DATASET SECTION:
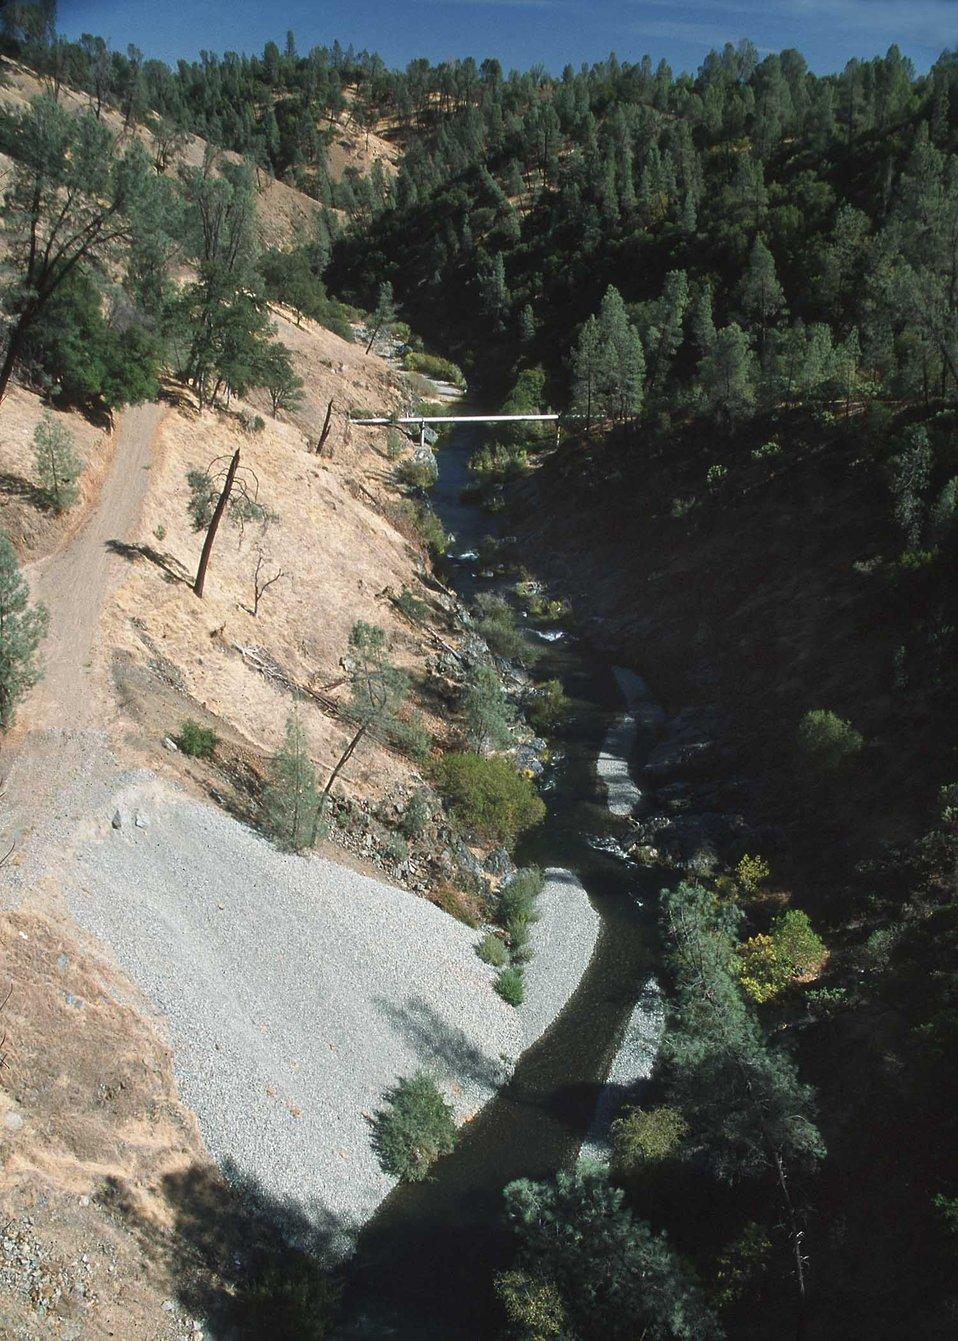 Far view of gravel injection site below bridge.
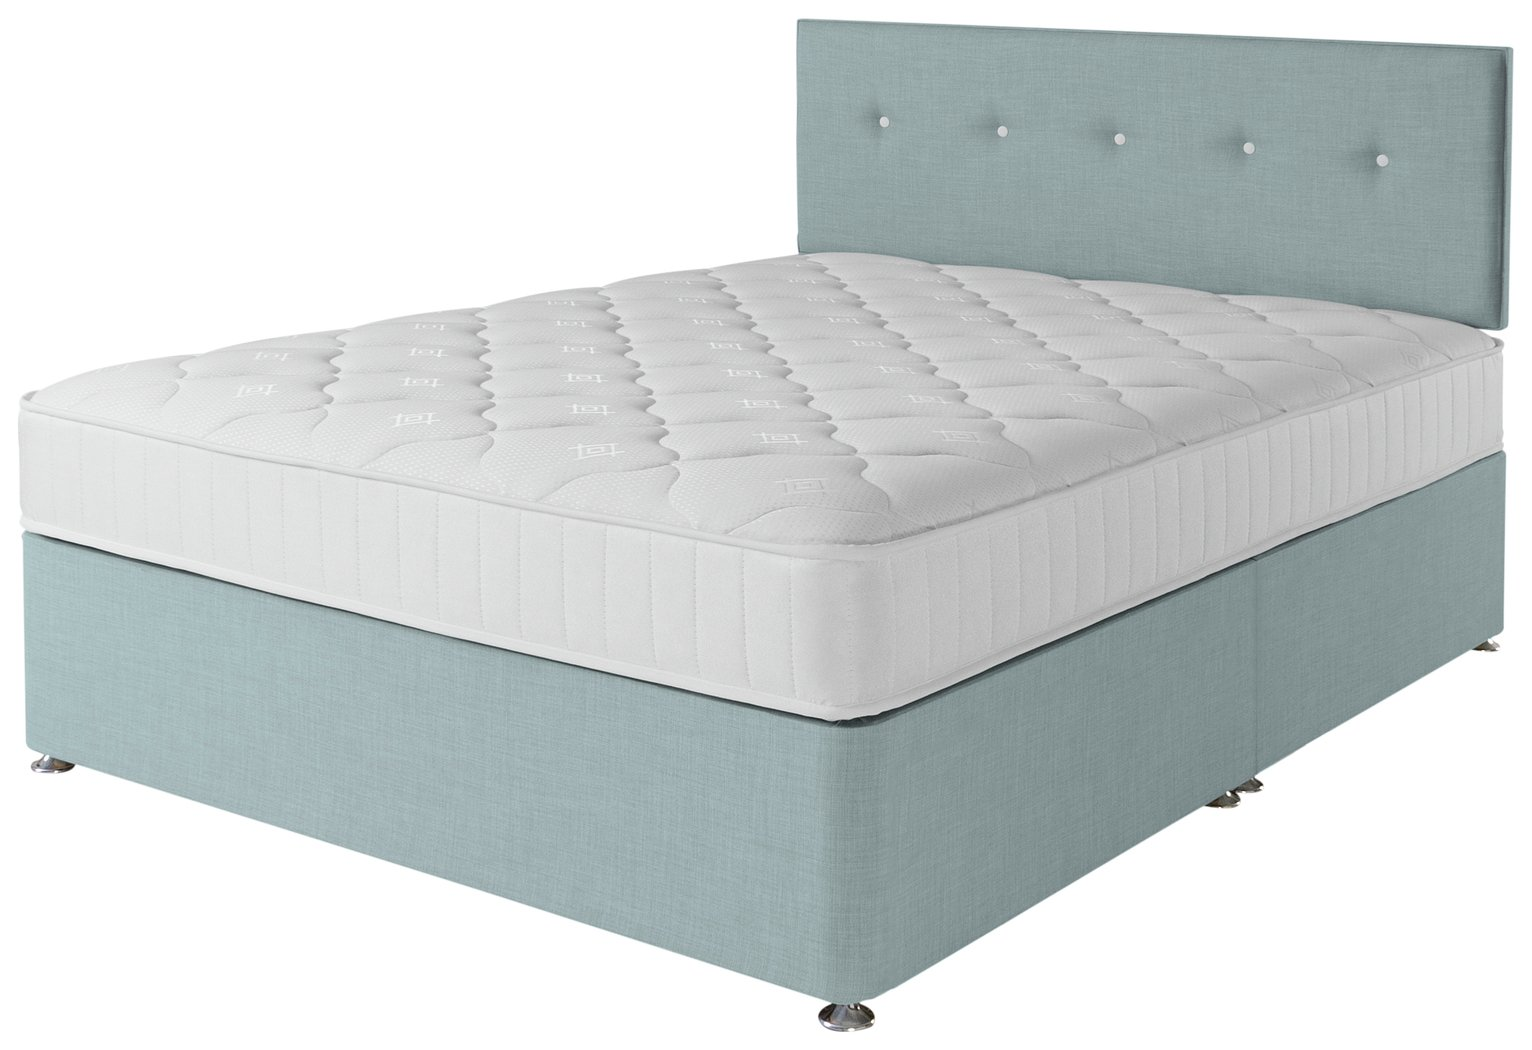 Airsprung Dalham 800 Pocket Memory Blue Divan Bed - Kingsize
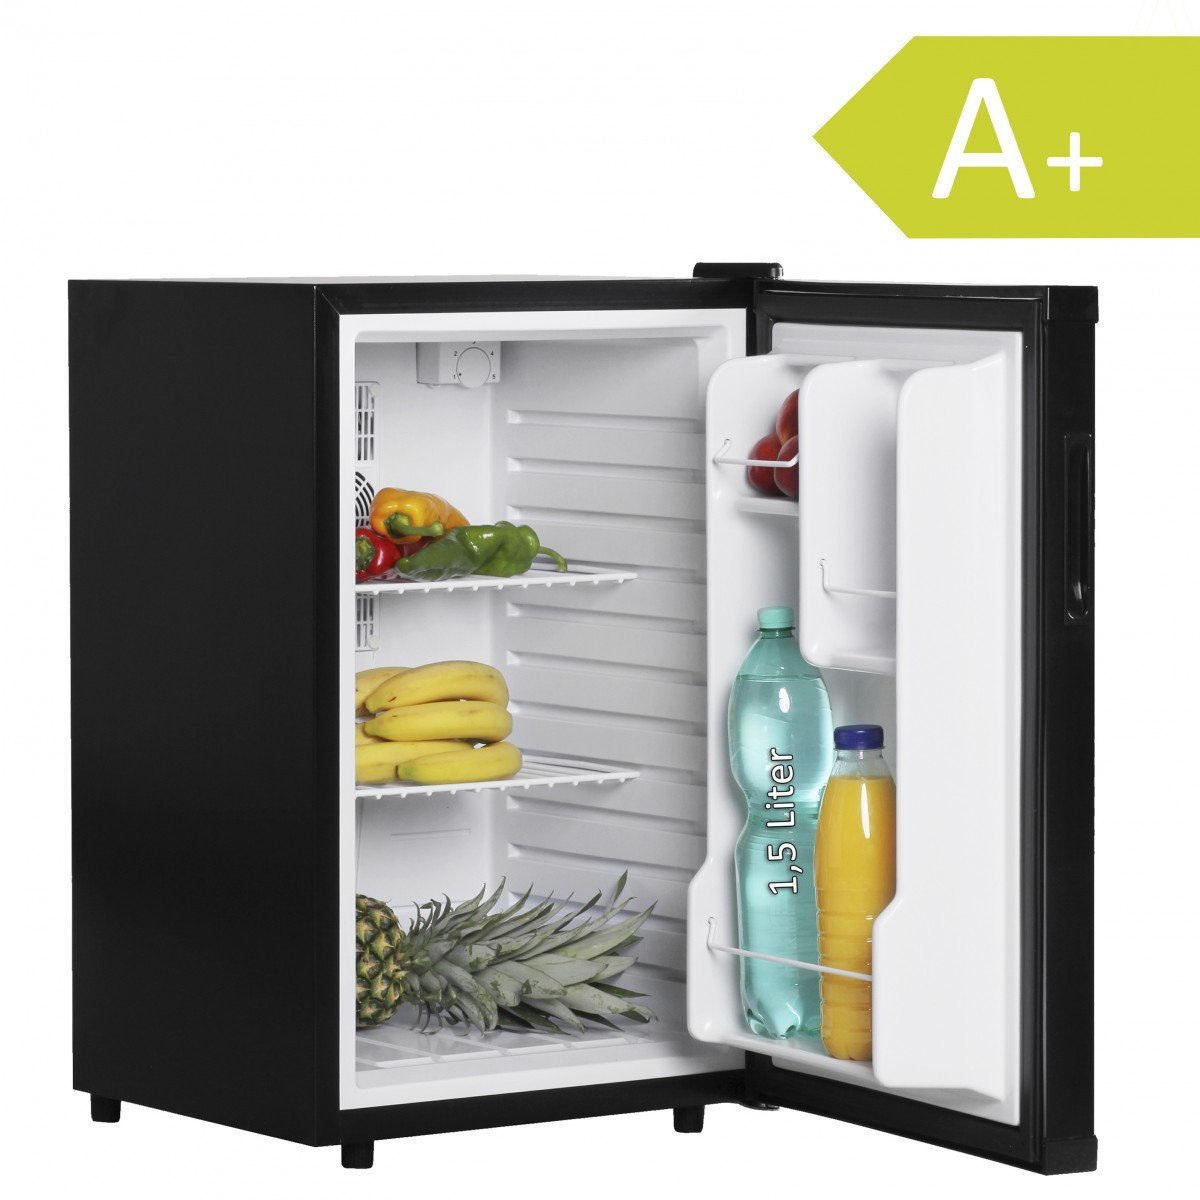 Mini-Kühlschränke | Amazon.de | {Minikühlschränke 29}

WHAT YOU ARE ASKED TO DO: The listing above must be repeated exactly, apart from the pictures.

RESPONSE BOX:
 Far view of gravel injection site below bridge.
 Airsprung Dalham 800 Pocket Memory Blue Divan Bed - Kingsize
 Mini-Kühlschränke | Amazon.de | {Minikühlschränke 29}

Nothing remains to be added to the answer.